Dataset content:

---

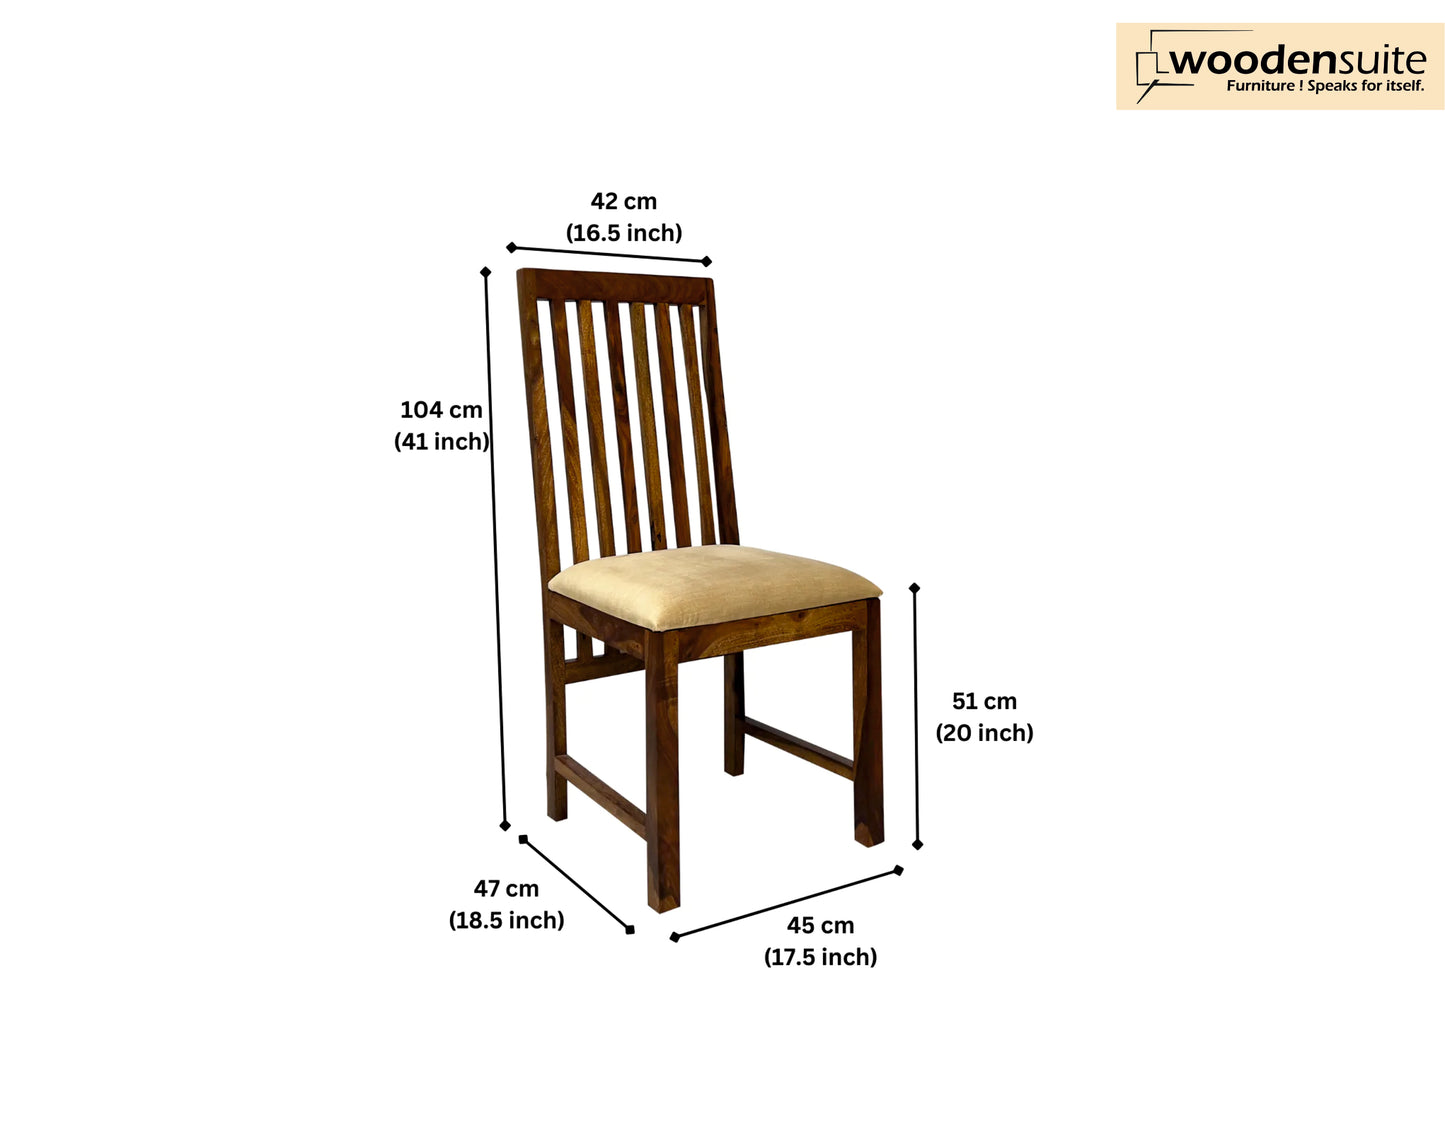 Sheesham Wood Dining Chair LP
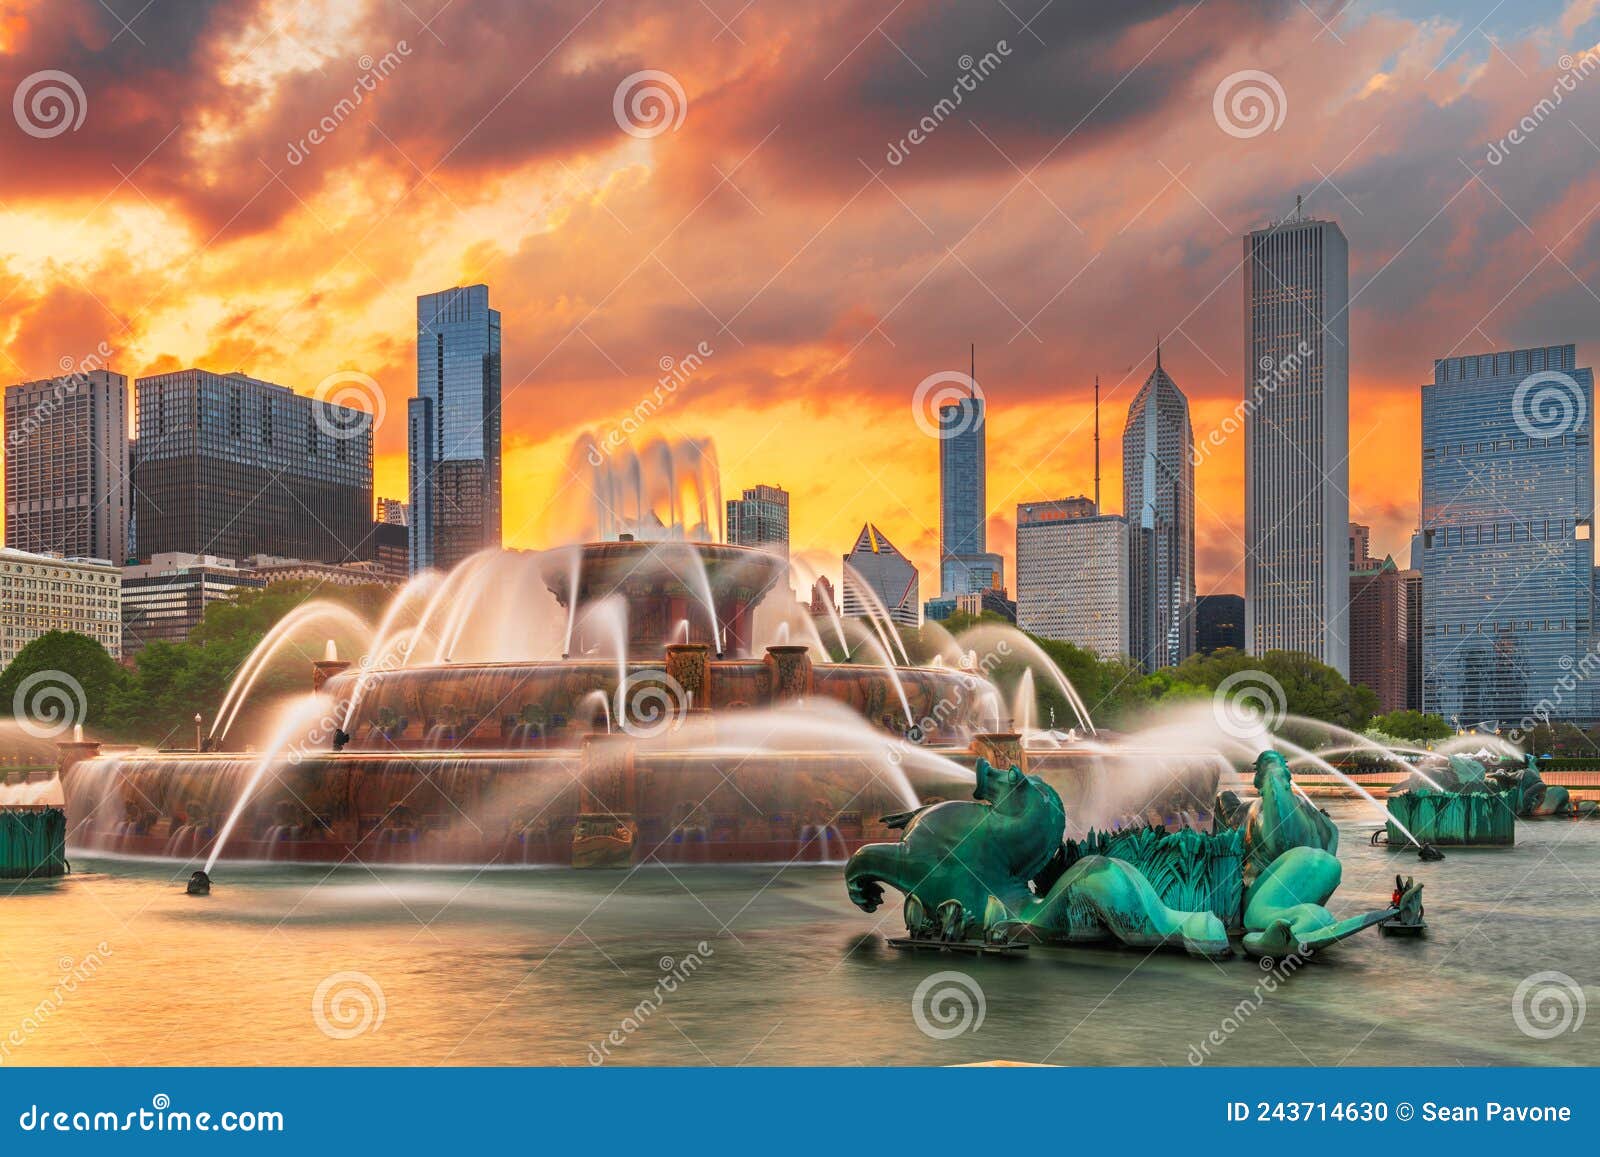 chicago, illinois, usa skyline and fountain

---

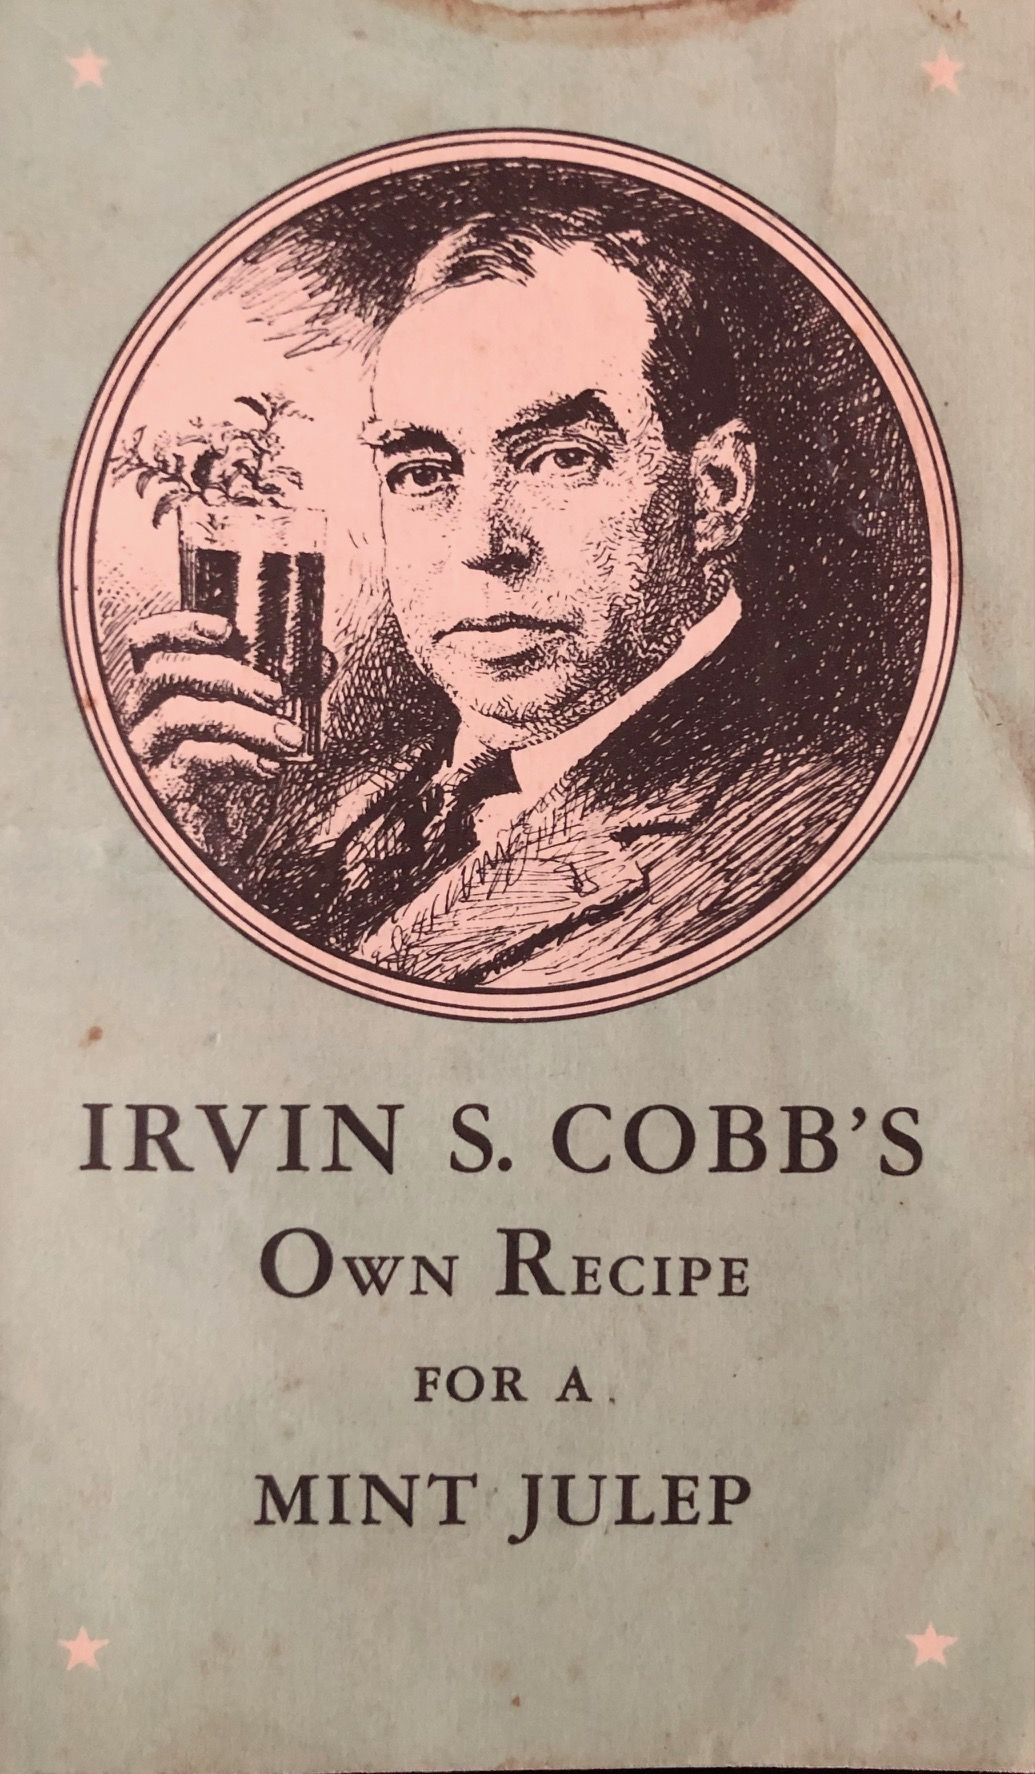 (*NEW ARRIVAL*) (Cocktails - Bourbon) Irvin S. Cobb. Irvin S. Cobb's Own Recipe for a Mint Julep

---

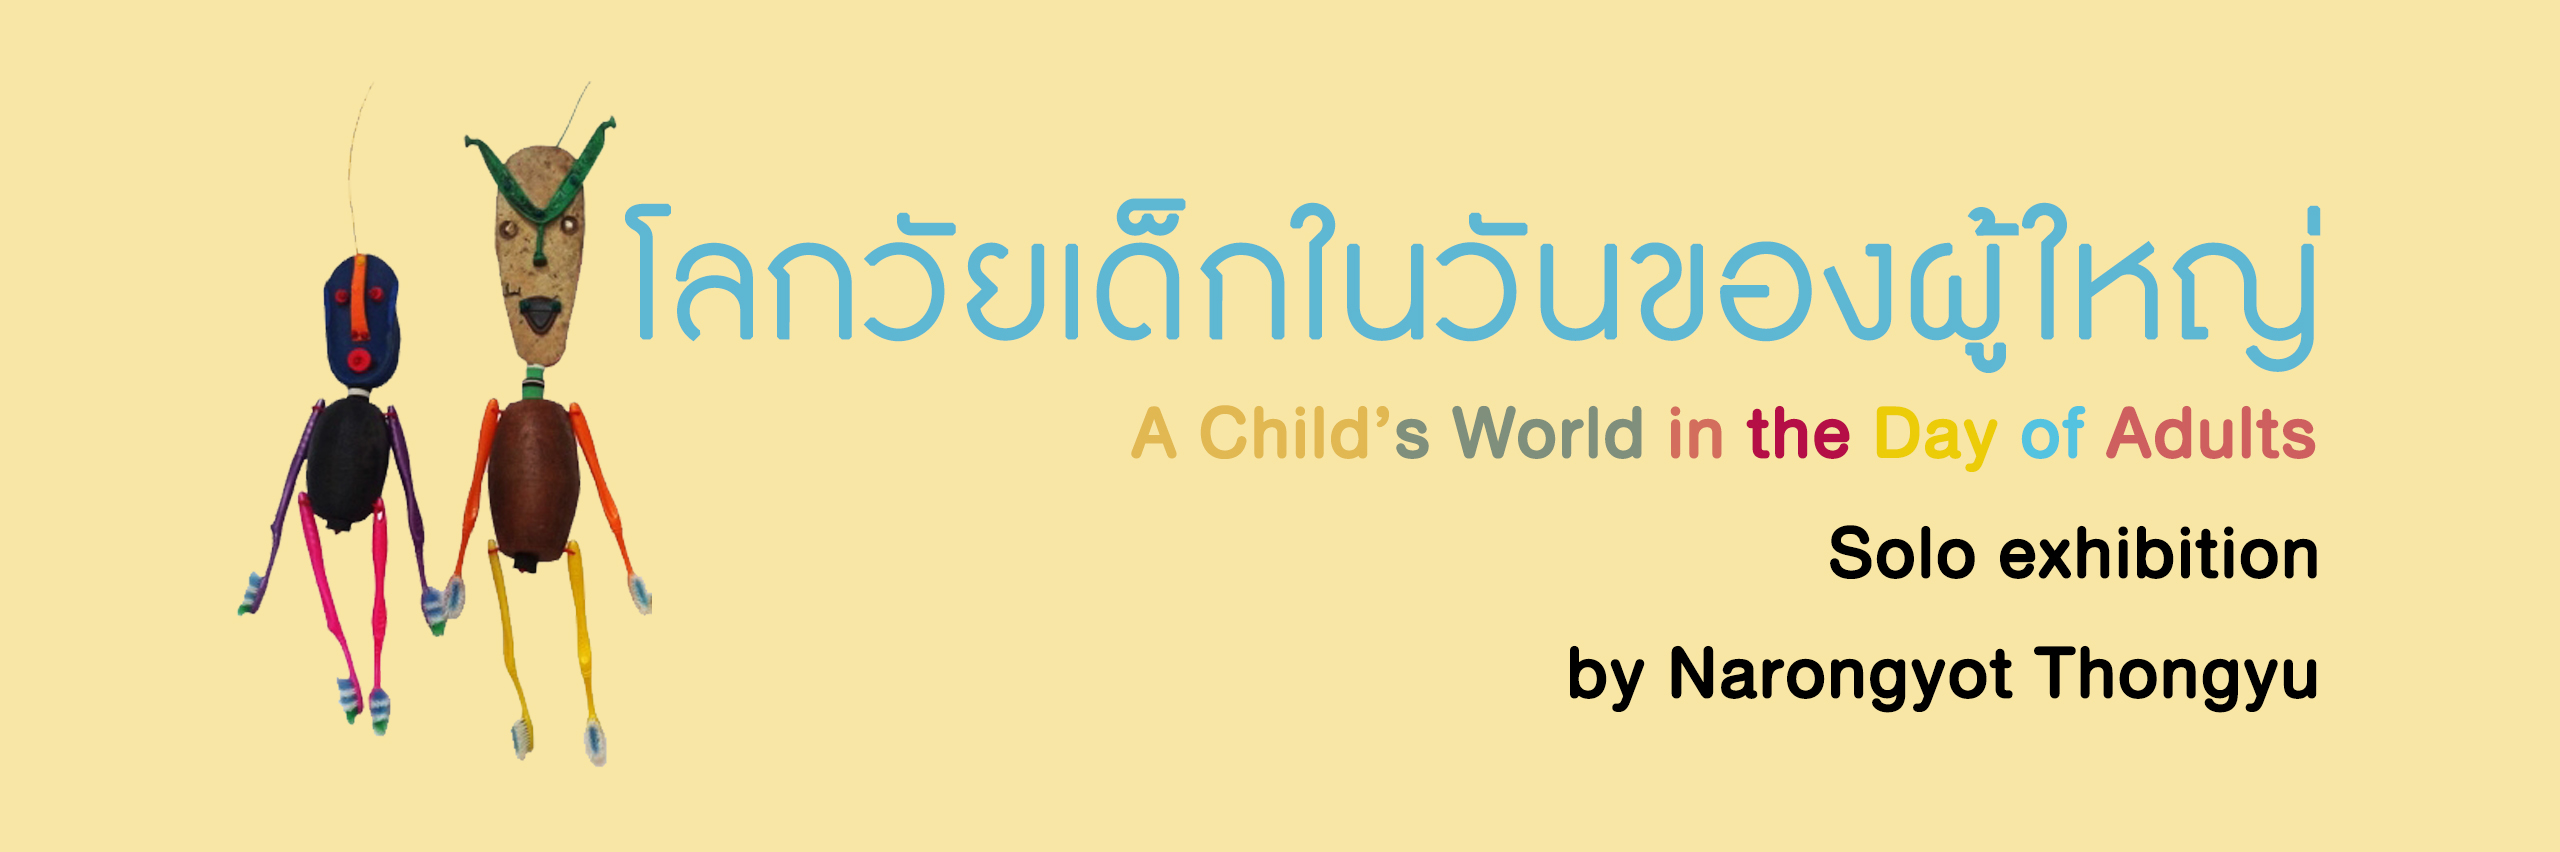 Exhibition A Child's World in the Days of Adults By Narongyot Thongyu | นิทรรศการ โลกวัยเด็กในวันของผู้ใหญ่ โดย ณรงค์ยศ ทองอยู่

---

What is expected:
From the records above, copy only the lines running from the line holding "Sheesham Wood Dining Chair LP" through the line holding "chicago, illinois, usa skyline and fountain", with no pictures.

Response box:
 Sheesham Wood Dining Chair LP
 chicago, illinois, usa skyline and fountain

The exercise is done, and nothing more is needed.